# B Domain of Derivatives

1. Jun 8, 2017

### Saracen Rue

Just a quick question - Is it true that the domain of $f'(x)$ will always be less than or equal to the domain of the original function, for any function, $f(x)$?

2. Jun 8, 2017

### Staff: Mentor

Yes. With the exception that if you consider two functions $f,g$ where $g$ has a different (bigger) domain than $f$ and it happens that $g=f'$ on the domain of $f$. A bit artificial, I know, but the question seems a bit strange, too. That's because the first derivative of a function is a linear approximation of the function and can thus only be defined where the function itself is defined. Maybe not at some points like singularities or boundaries and therefore smaller.

3. Jun 8, 2017

### Saracen Rue

Thank you, if you don't mind I'd like to extrapolate off this idea a little.

I'm going to go ahead and assume that because the domain of $f'(x)$ is less than or equal to the domain of $f$, the integral of $f(x)$, $F(x)$ will have a domain equal to or greater than $f(x)$.

Now for another little question: while I do know for sure that $f'(x)$ is always the gradient of $f(x)$ at any value of $x$, does it always also hold true that $\int _a^bf\left(x\right)dx$ will always give you the area between $f(x)$, the $x$-axis, and the lines $x=a$ and $x=b$? Or is it possible for an integral to have a value that does not reflect the area under the graph?

4. Jun 8, 2017

### Staff: Mentor

A bit difficult to answer in this generality, i.e. without any conditions on $f$.
Not really. As you define the derivative as well as the integral from the perspective of $f$, how should they be defined elsewhere than $f\,$? In the case of integrals, one might integrate even at points where $f$ isn't defined, e.g. at removable singularities (holes in the graph of $f\,$). In addition there exist different concepts of integration (cp. https://www.physicsforums.com/insights/omissions-mathematics-education-gauge-integration/). But in principle you are stuck with $f$ as it is the basis of your considerations.
Usually it is defined that way: $f'(x) = \lim_{h \to 0} \frac{f(x+h)-f(x)}{h}$ or $f(x+v)=f(x) + \nabla_x(f)\cdot v + r(v)$ with a small correction $r$.
Not really. The easy answer is no, because $\int_0^{2\pi}\sin(x)\,dx=0$ whereas there is actually an area beneath the sine. Or take the example with a removable singularity, where area isn't really defined. In addition it depends on $f$ itself. The picture with the area is a rather real one, i.e. for real functions in one variable. For complex functions this picture breaks down.
Does my example with the sine count?

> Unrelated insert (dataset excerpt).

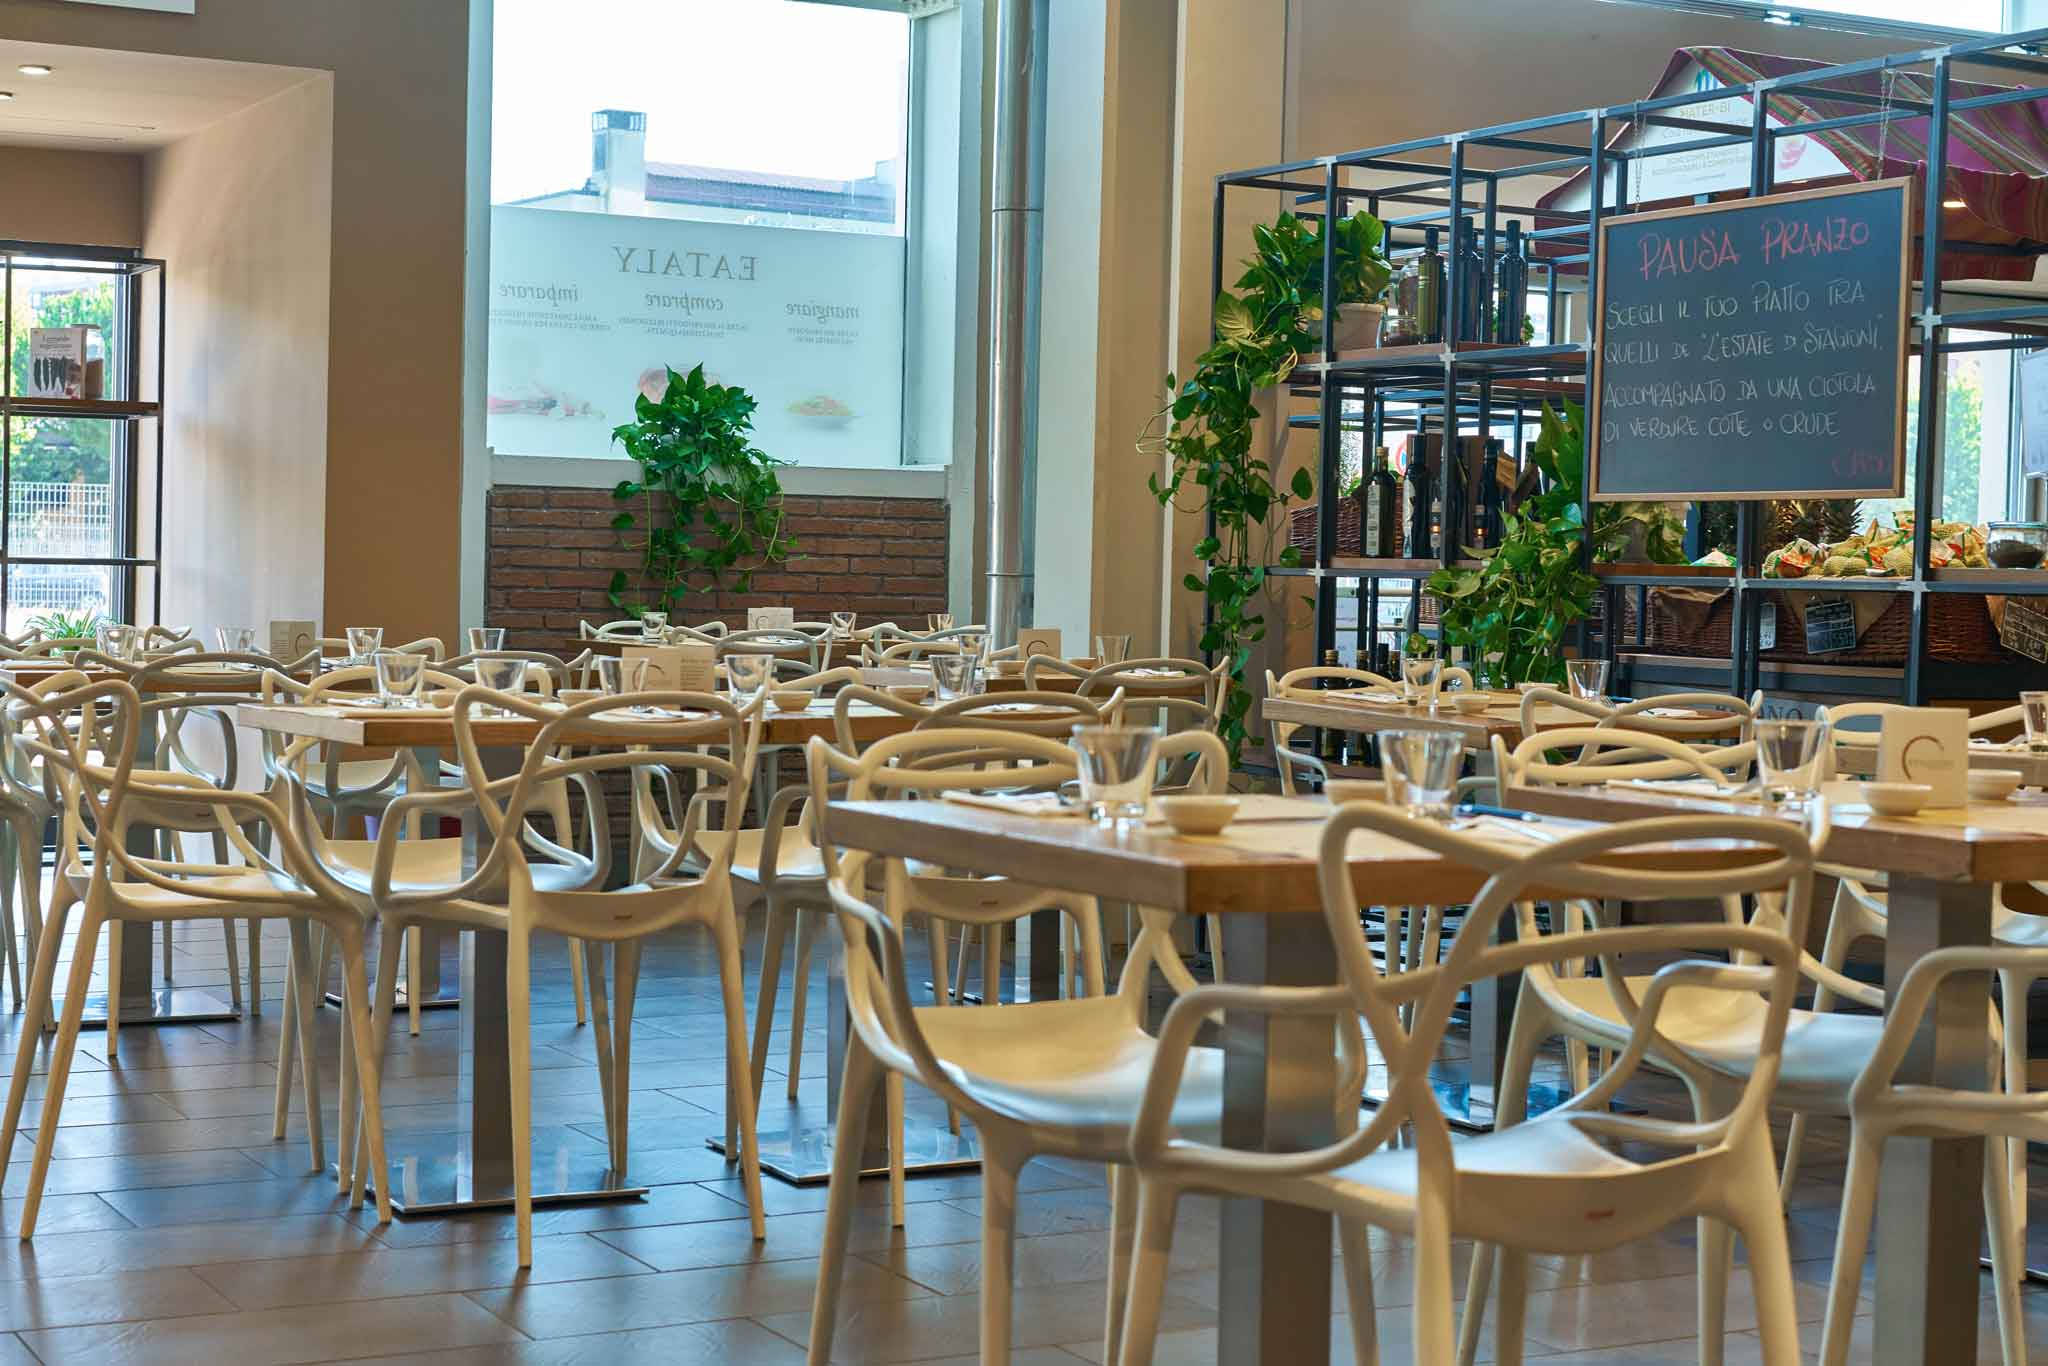 Eataly Roma ristorante Stagioni

I don't know a good answer actually, as there are really pathological functions out there and the risk is high to forget some of those. Despite this we probably would have to narrow down the variety of possibilities: which functions of how many variables where from defined where with or without singularities and in the end eventually with which measure. For continuous real functions $f\, : \,\mathbb{R} \rightarrow \mathbb{R}$ between two consecutive zeros, the absolute value of the integral of $f$ is the area.